Other states have statutes of varying strengths short of a full shield for employers, Kreindler said, while claims in states without statutes are decided according to case law.

"These ride-sharing laws are basically trying to clarify that these vehicles we’re using for van sharing are not to be construed as work vehicles," VPSI’s Pederson said.

Kintner warned, however, that employers should still be cautious.

"I feel that it’s very precarious, and of course case law can be overturned," she said. "At the very least, the employer’s workers’ comp carrier has to be put on notice that this [van-pool] program is in place."

Getting advice is important, said Pam Ferrandino, executive vice president and casualty practice leader for Willis North America Inc. in New York. She recommends that employers arranging commuting programs consult with their broker and workers’ comp board or department of insurance.
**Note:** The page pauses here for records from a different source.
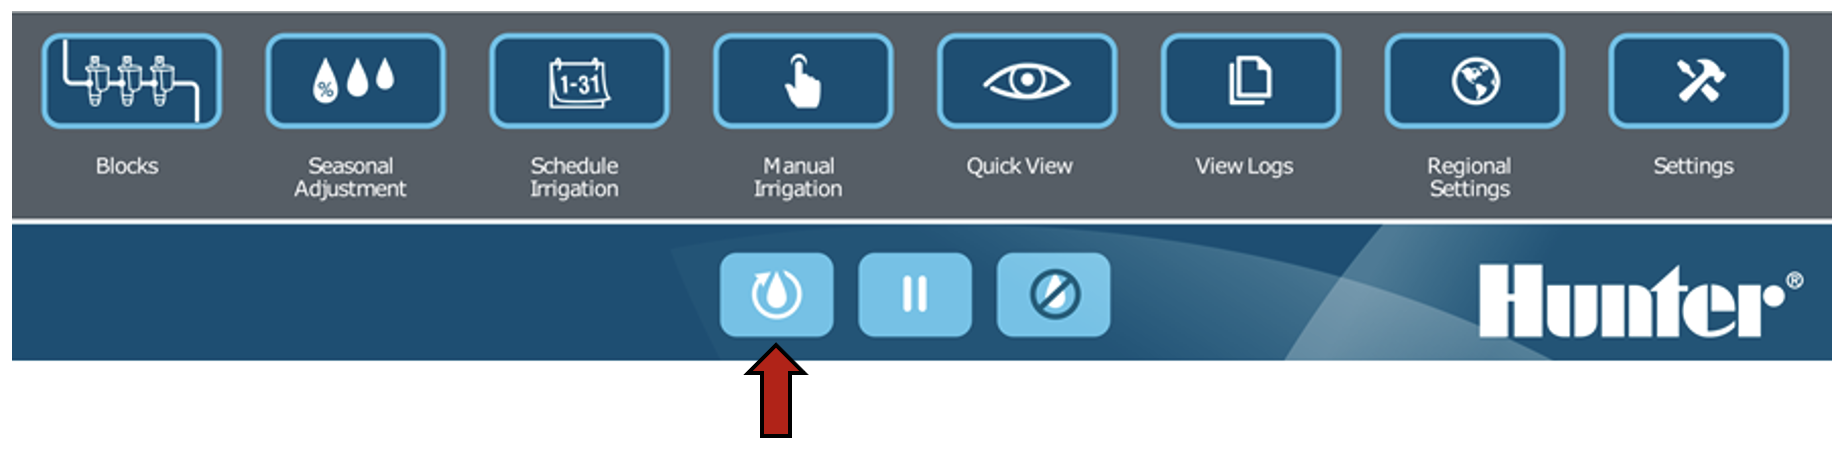 Image de l'interface mettant en évidence le bouton pour reprendre.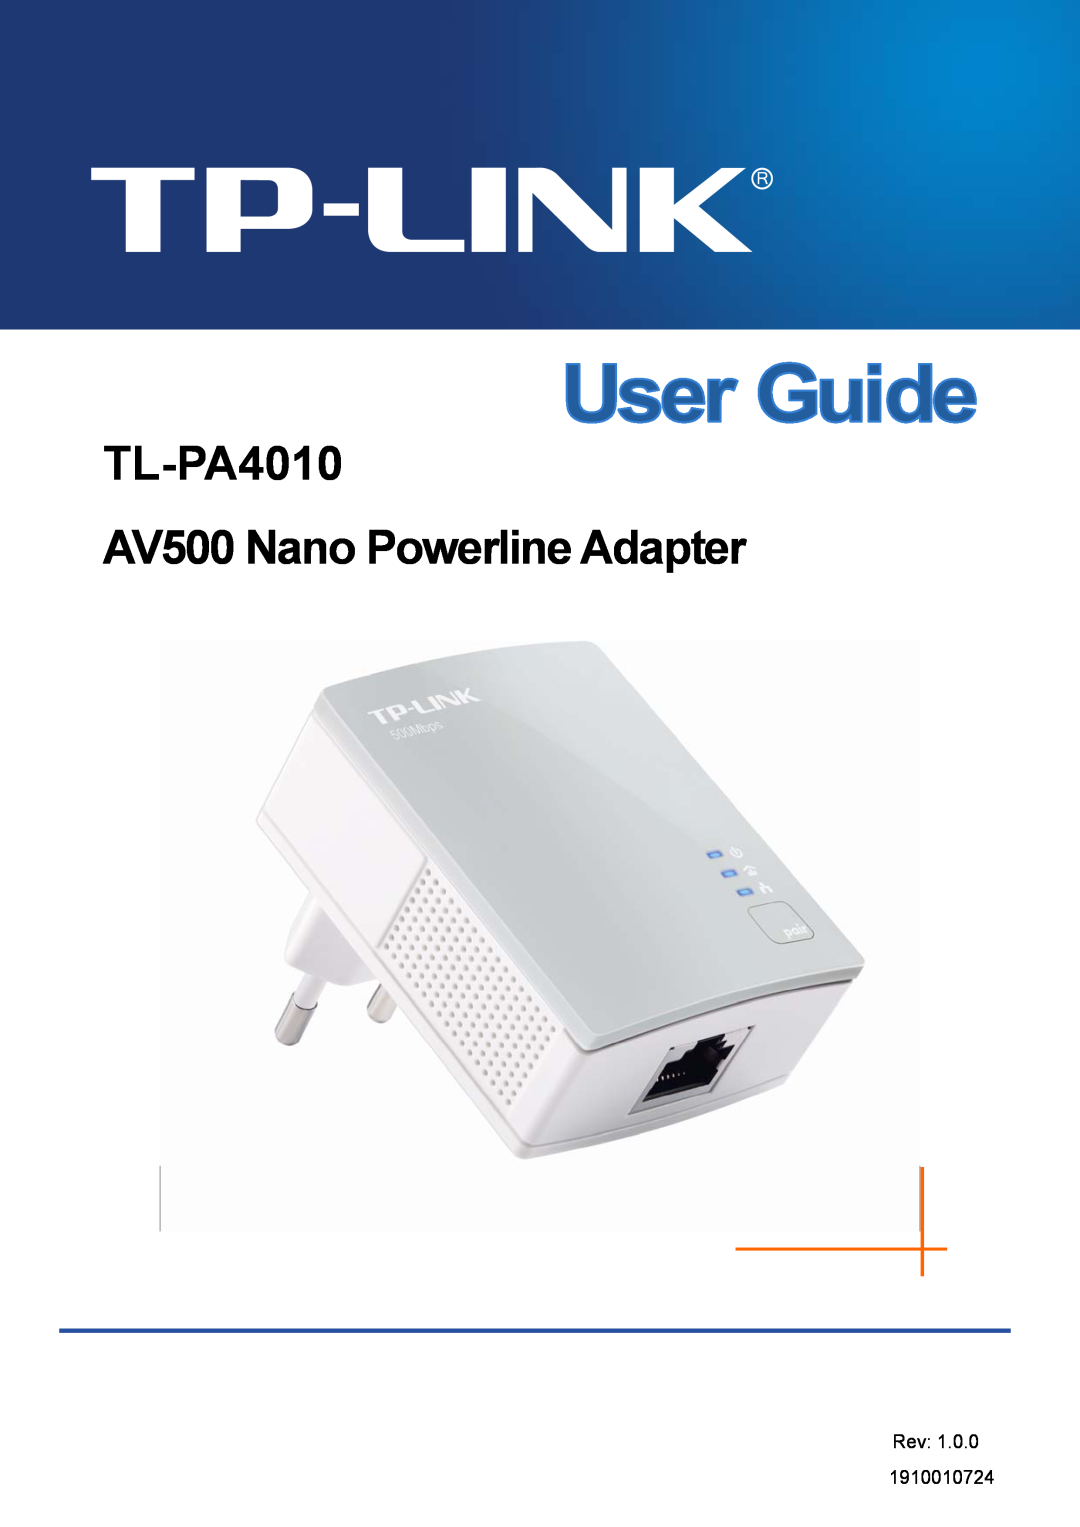 TP-Link manual TL-PA4010 AV500 Nano Powerline Adapter, Rev 1.0.0 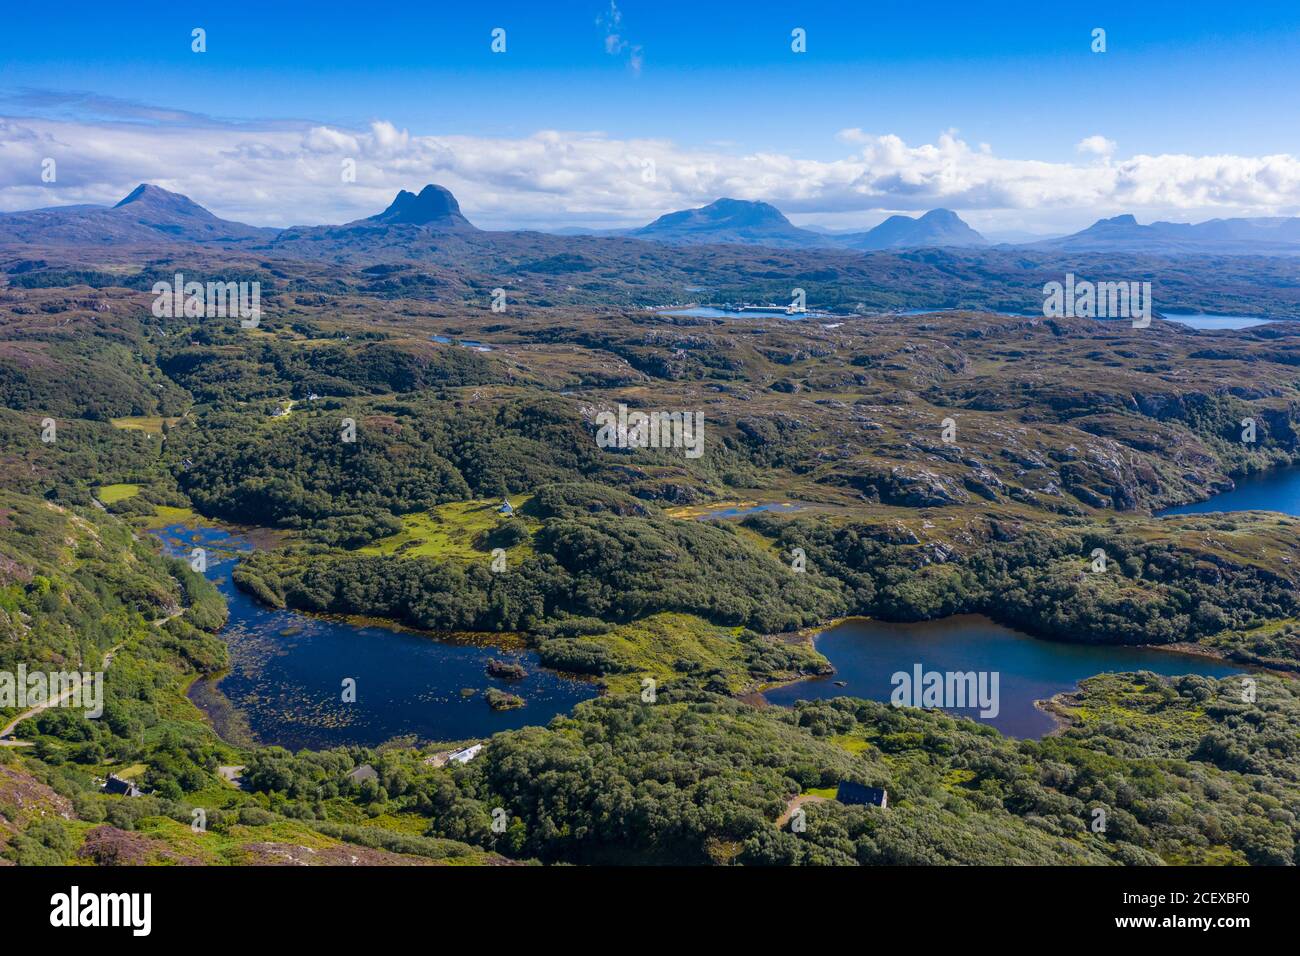 Vista aerea delle montagne nella regione di Assynt Coigach delle Highlands scozzesi, Scozia, Regno Unito Foto Stock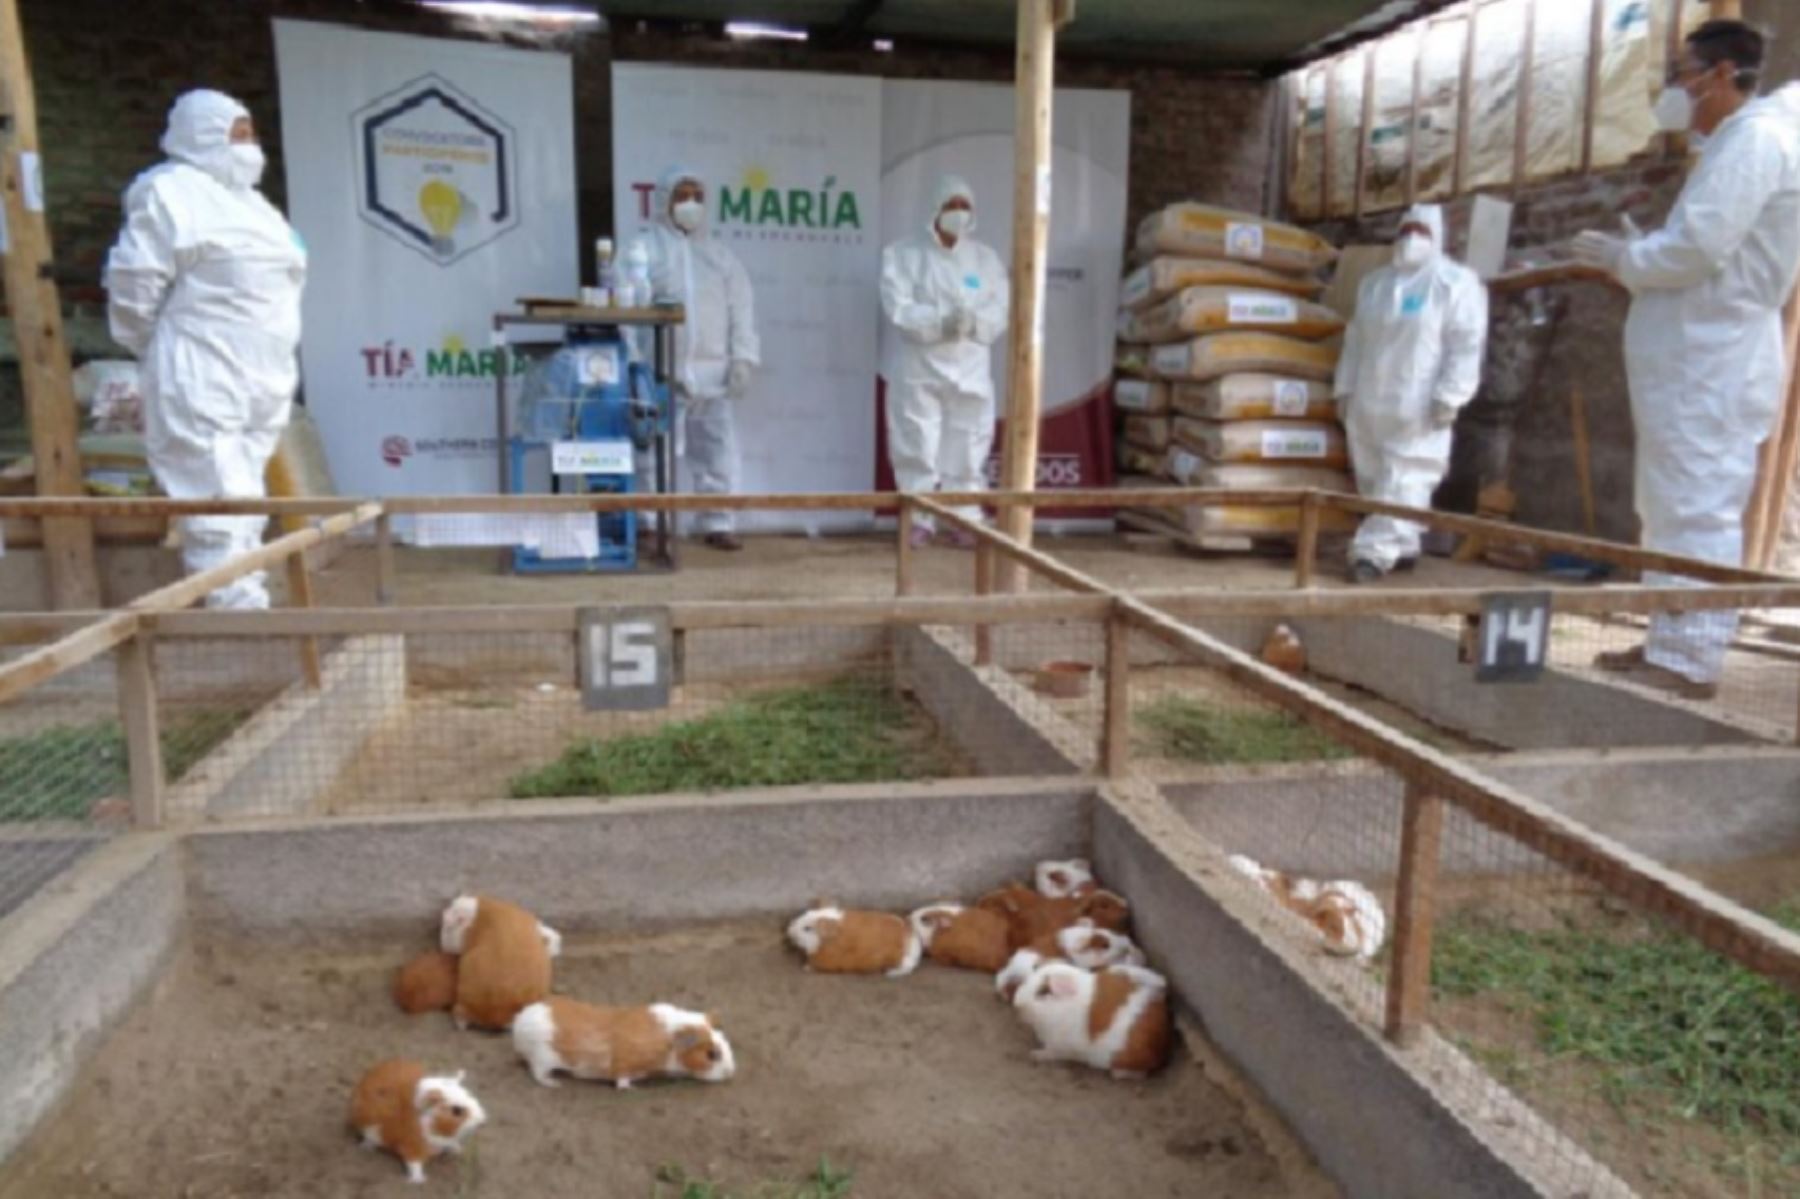 Son 24 productores de cuyes de la localidad de Valle Arriba, en el distrito de Cocachacra, quienes recibirán asistencia técnica innovadora para el mejoramiento genético de estos animales de gran demanda en la gastronomía arequipeña.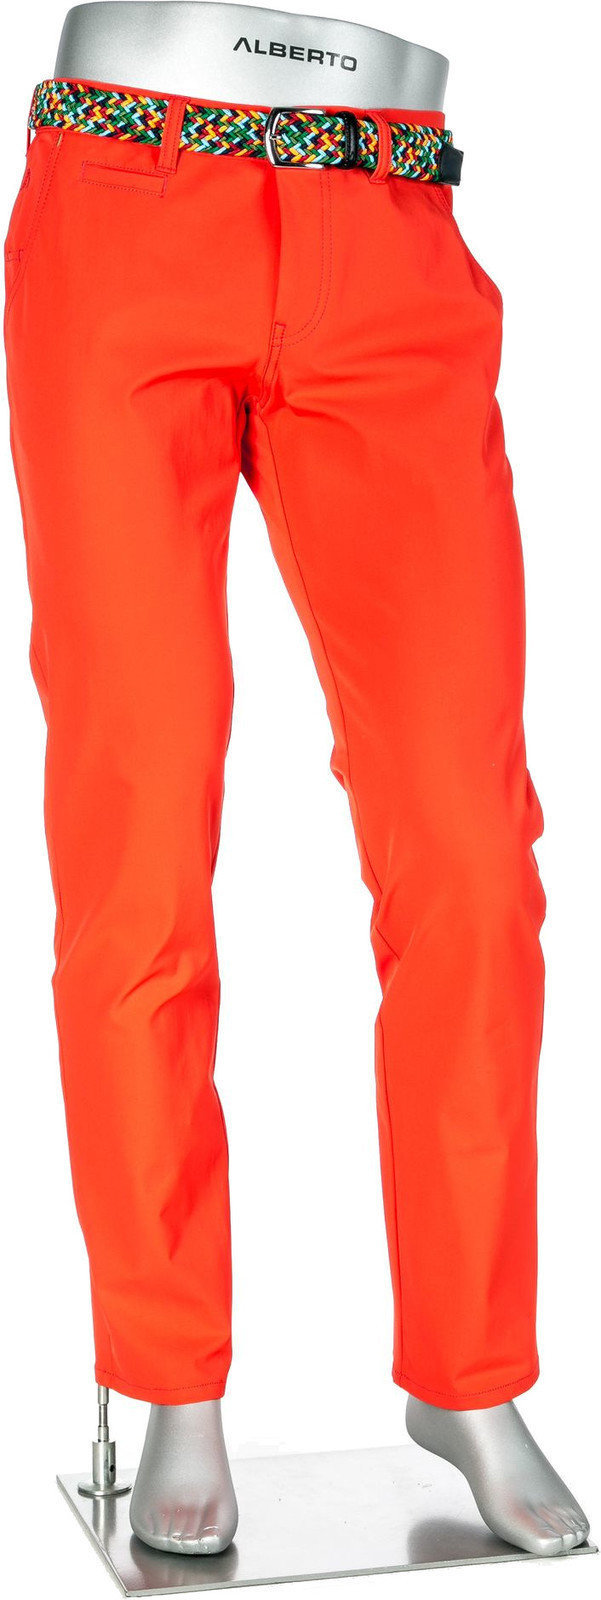 Broek Alberto Rookie 3xDRY Cooler Mens Trousers Orange 52

Another risk factor in van pooling is auto liability, which would be greatest when employers own and operate the program, experts say.

"If the vehicle is owned by the employer, that liability would go back to the employer," Ferrandino said.

Outsourced vehicle arrangements can transfer liability risk to the third-party owner/operator.

Most van pools are, in fact, outsourced, according to Jon Martz, president of the Washington-based Association for Commuter Transportation, a transportation interest group.

"It’s pretty rare now" for employers to own and operate their own van pools, Martz said.

Kreindler said that a third-party contractor can often take on potential auto liability. In addition to owning and maintaining the vehicle, many third-party contractors will indemnify the employer for auto liability.

Indemnification usually contains a number of safety measures, including vehicle maintenance and an application and screening process for employees who drive the van.

"I think [third-party operation] is an effective way to manage the risk," Ferrandino said. "If the employer feels they have the critical mass [of employee demand] to manage it professionally, with the expertise of an outside vendor, that’s a decision they can make. It’s about finding a way to mitigate and manage that risk by having a business partner with best-in-business practices."